Up for review - Dark Tower: The long Road Home #5

  • Writers: Peter David/Robin Furth
  • Penciler: Jae Lee
  • Inker/Colourist: Richard Isanove

    This is the final issue of the 5 part mini series, so I won’t reveal too much of the plot, so I don’t spoil anything. Actually, not much really happens in the issue. Roland confronts the Crimson King, and is saved by Sheemie, then the Ka-Tet return to Gilead.

    I am a massive fan of the Dark Tower books. I have been reading the series since I was about 15 years old. I have also read every book that ties into the series, in both major, and minor ways. To say I am a fan is an understatement.

    This mini series has explored a couple of story threads that were previously only hinted at, in Wizard & Glass, to that end it has been pretty good. One problem I have with Peter David’s storytelling here is way that the tale is told by an unseen narrator. The style in which the narrator tells the tale grates on me a little bit. I imagine the tale being told by an old man sitting on his porch drinking moonshine, with a piece of straw in his mouth. He uses phases like “I reckon’” and “Ain’t never gonna happen”. That is my only real problem with it, as all the characters talk exactly like they do in the books, and use the proper terminology for things.

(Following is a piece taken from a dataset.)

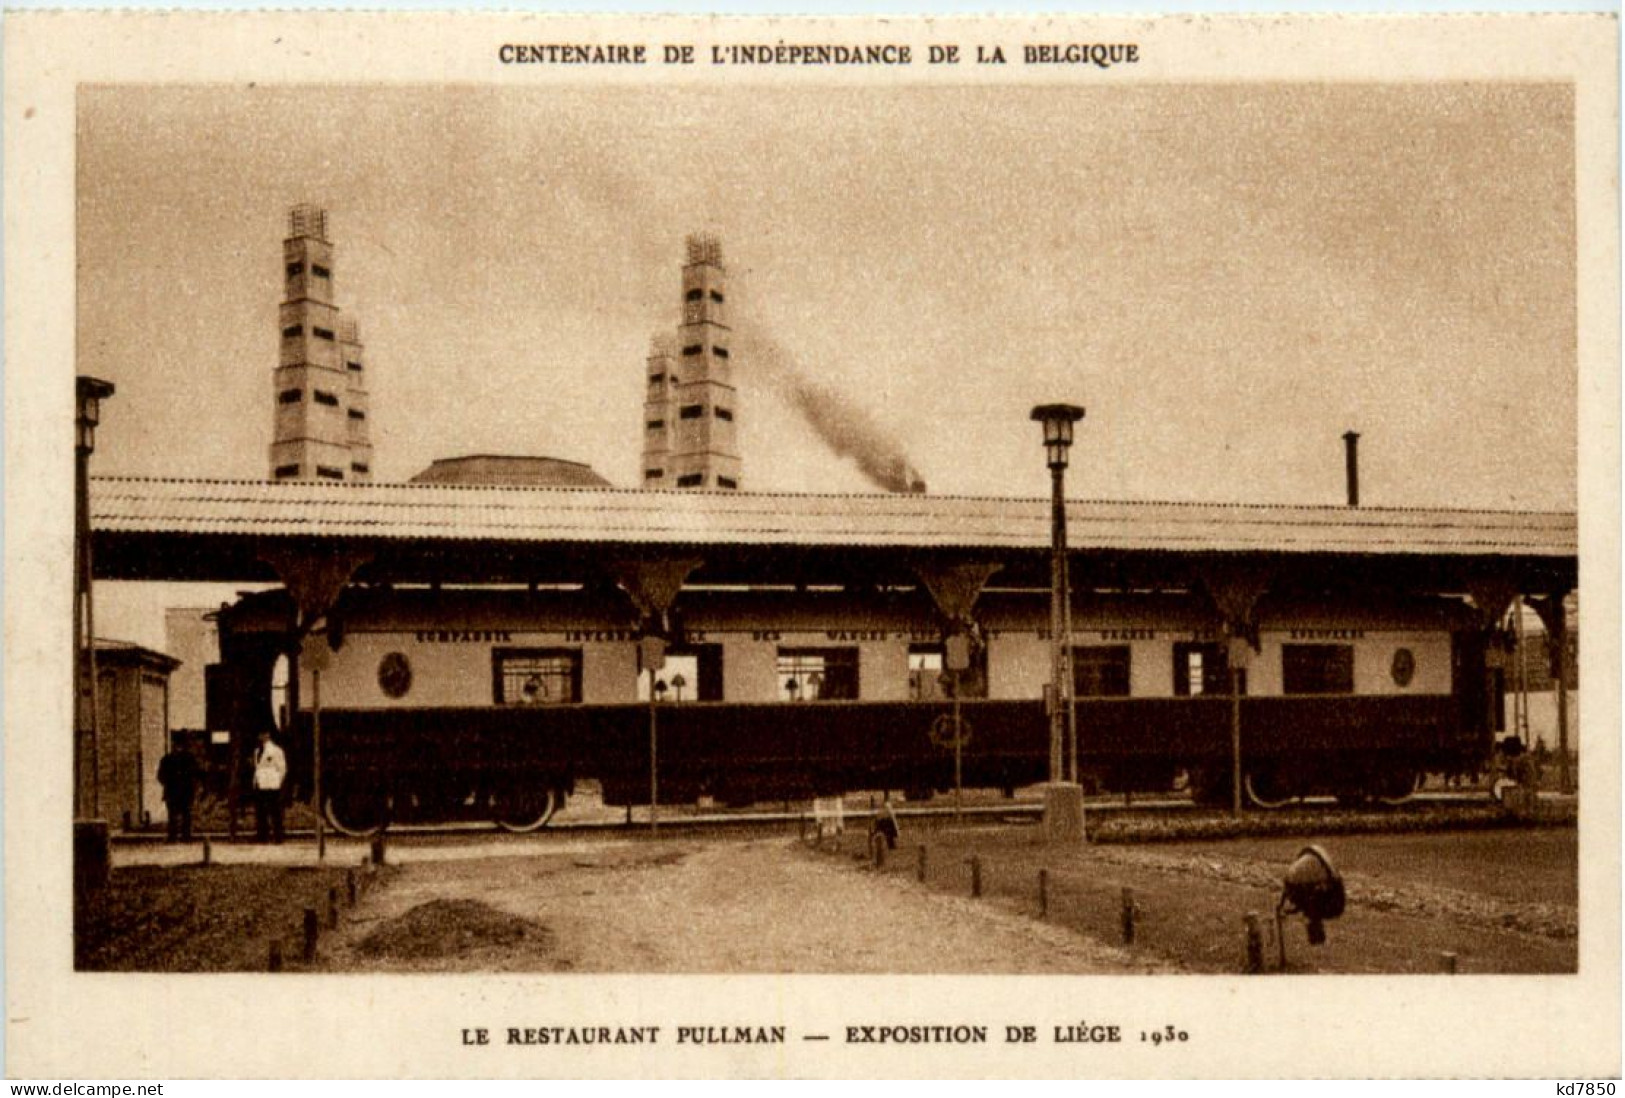 Exposition De Liege 1930 - Le Restaurant Pullman - Liege

    The artwork by Jae Lee is absolutely beautiful. However, it is a bit of a shame that every single scene, no matter whether is happy, sad, romantic, thrilling, fearful… looks like a scene from a Gothic horror tale. I know Stephen King writes a lot of horror stories, but the Dark Tower books were never about that, they were an epic fantasy tale. His artwork is appropriately dark the scenes with the Crimson King; however, the style is exactly the same in the scene when the Ka-Tet return Home. Gilead is supposed to be a place full of light and wonder, the last bastion of decency in Mid-World. Here though, the place looks like the ruins of a haunted castle.

    The back-ups by Robin Furth, are wonderful fan material, and are worth the $2.99 on there own. Also note, this stuff does not make it into the trade collections.